Dream to Manipulate: Compositional World Models Empowering Robot Imitation Learning with Imagination
Leonardo Barcellona, Andrii Zadaianchuk, Davide Allegro, Samuele Papa, Stefano Ghidoni, Efstratios Gavves
TL;DR
The paper tackles the brittleness of traditional world models in robotics by introducing an explicit, compositional, object-centric framework. DreMa builds a learnable digital twin $\mathcal{M}= ( \mathcal{O}_t, \mathcal{A}_t, D, \mathcal{T})$ using object-centric Gaussian Splats and a physics engine to render imagined futures and predict action consequences. It then leverages equivariant transformations to generate high-quality, novel demonstrations from a small set of originals, enabling one-shot and few-shot imitation learning that generalizes across task variations and object configurations. Empirical results in simulation and on a real Franka Panda robot show improved accuracy, robustness, and data efficiency, including a notable one-shot learning demonstration, highlighting the practical impact of combining explicit world models with learnable digital twins for robotic manipulation.
Abstract
A world model provides an agent with a representation of its environment, enabling it to predict the causal consequences of its actions.
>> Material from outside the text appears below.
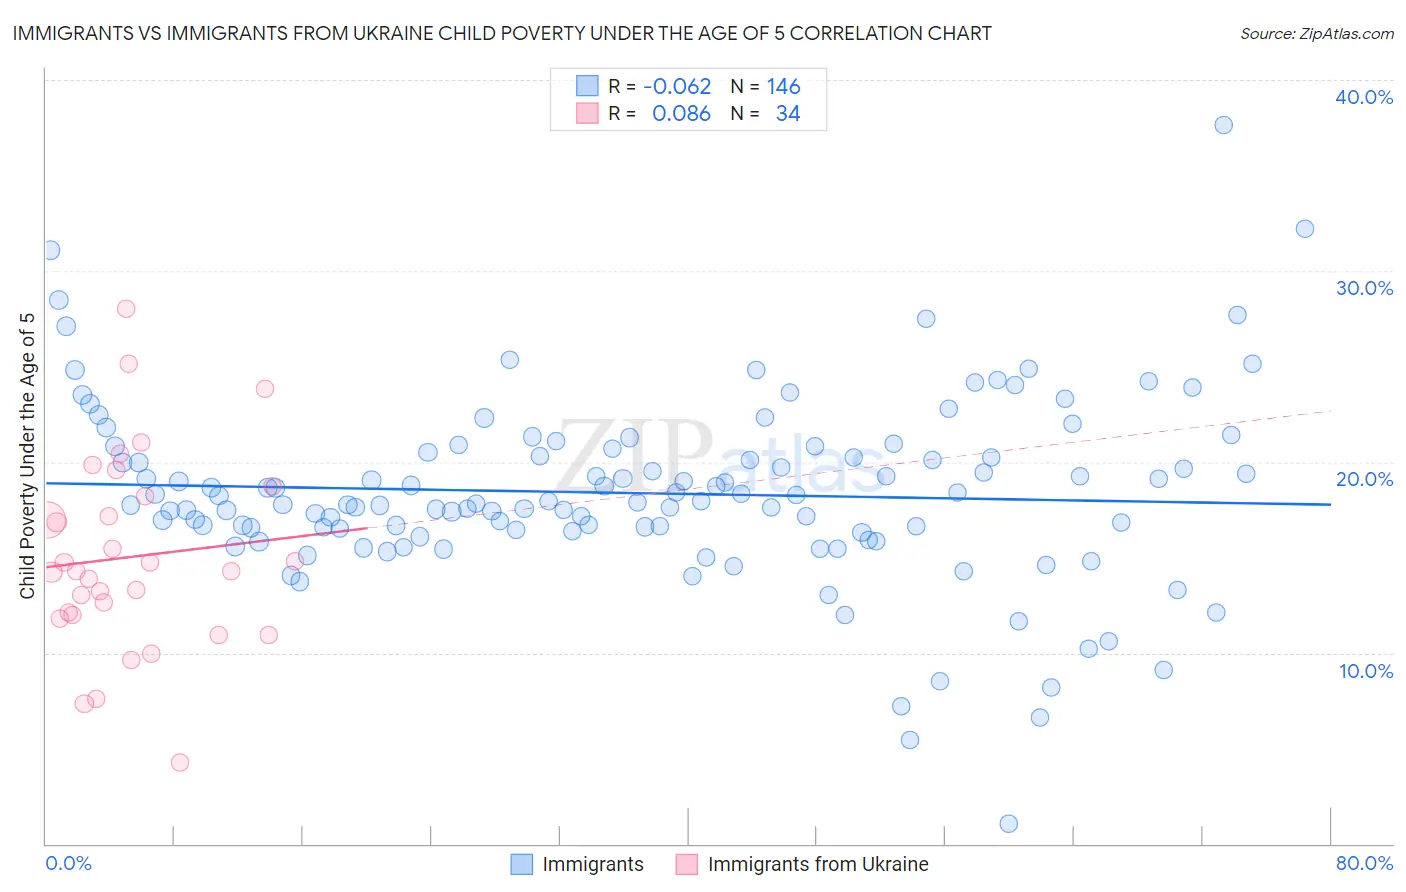 Immigrants vs Immigrants from Ukraine Child Poverty Under the Age of 5
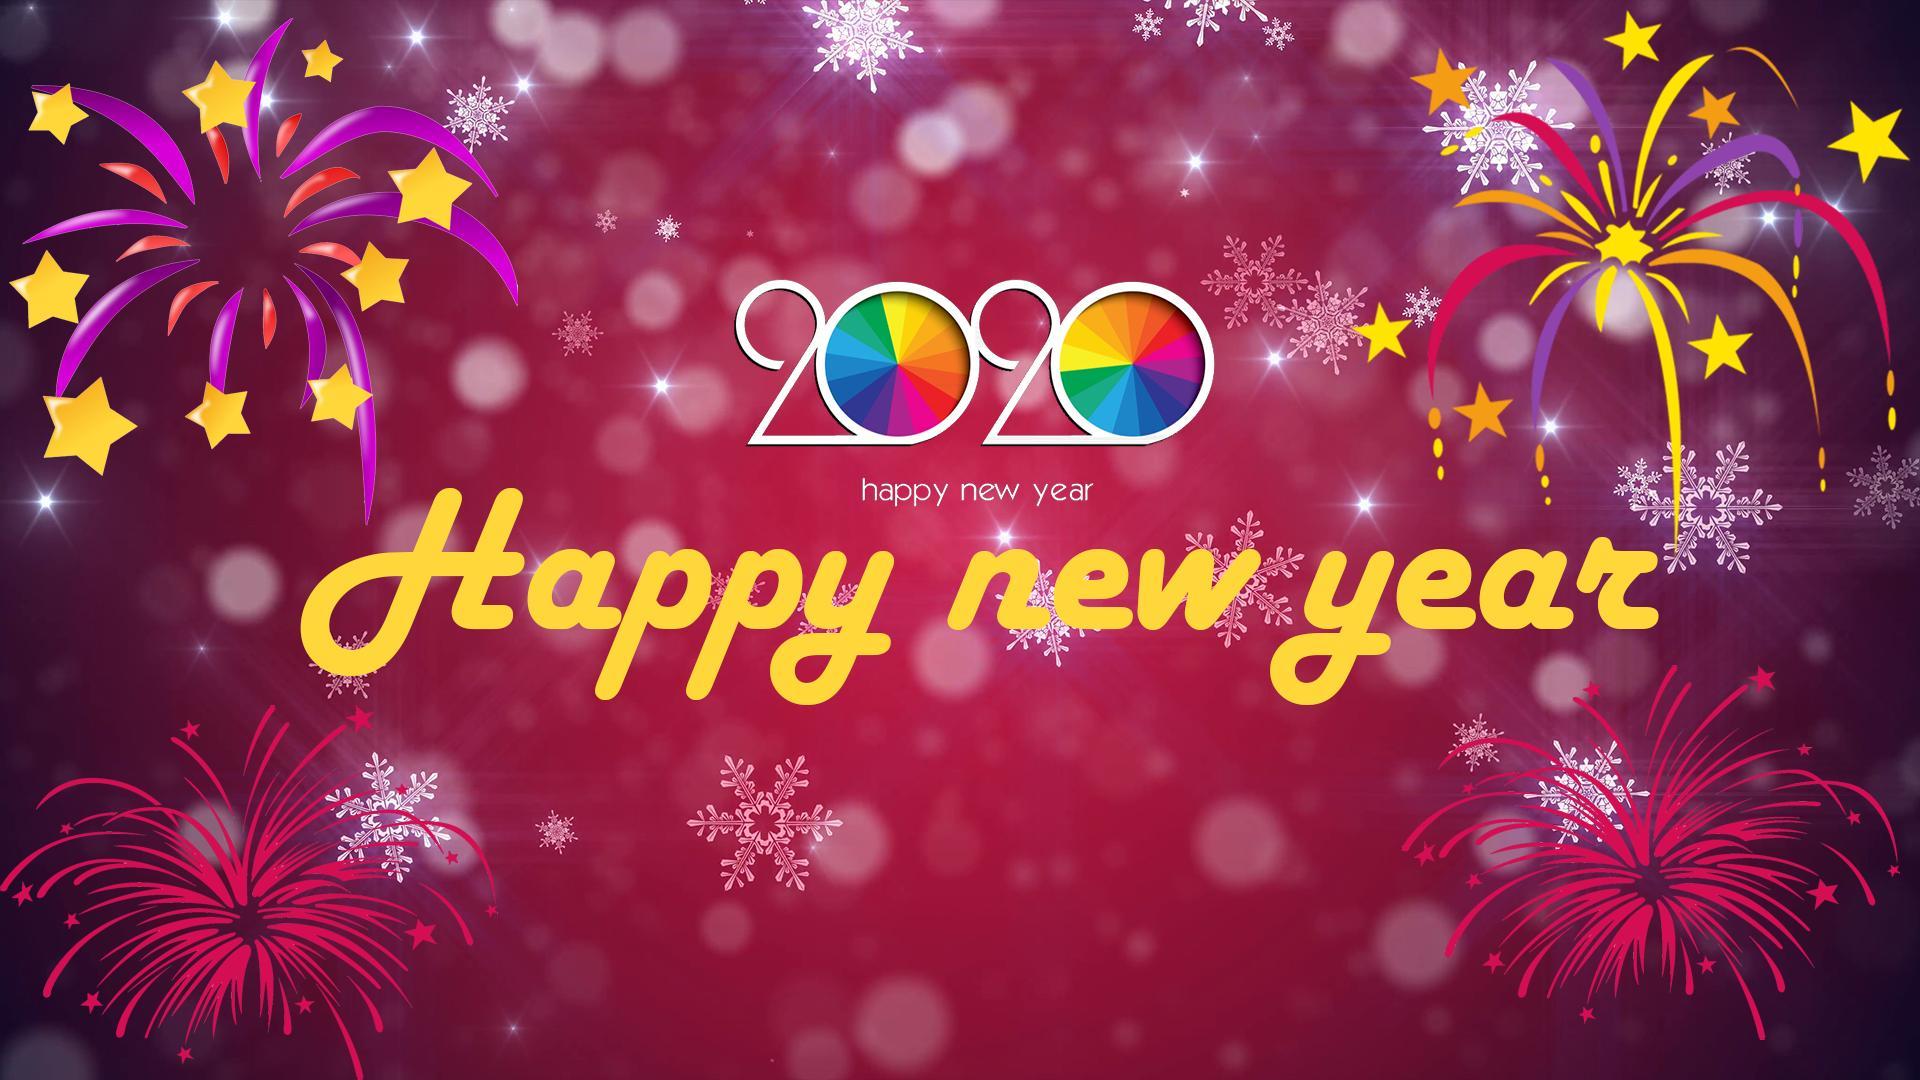 Happy new year 2020 CD banner background HD

Current world models typically cannot directly and explicitly imitate the actual environment in front of a robot, often resulting in unrealistic behaviors and hallucinations that make them unsuitable for real-world robotics applications. To overcome those challenges, we propose to rethink robot world models as learnable digital twins. We introduce DreMa, a new approach for constructing digital twins automatically using learned explicit representations of the real world and its dynamics, bridging the gap between traditional digital twins and world models. DreMa replicates the observed world and its structure by integrating Gaussian Splatting and physics simulators, allowing robots to imagine novel configurations of objects and to predict the future consequences of robot actions thanks to its compositionality. We leverage this capability to generate new data for imitation learning by applying equivariant transformations to a small set of demonstrations. Our evaluations across various settings demonstrate significant improvements in accuracy and robustness by incrementing actions and object distributions, reducing the data needed to learn a policy and improving the generalization of the agents. As a highlight, we show that a real Franka Emika Panda robot, powered by DreMa's imagination, can successfully learn novel physical tasks from just a single example per task variation (one-shot policy learning). Our project page can be found in: https://dreamtomanipulate.github.io/.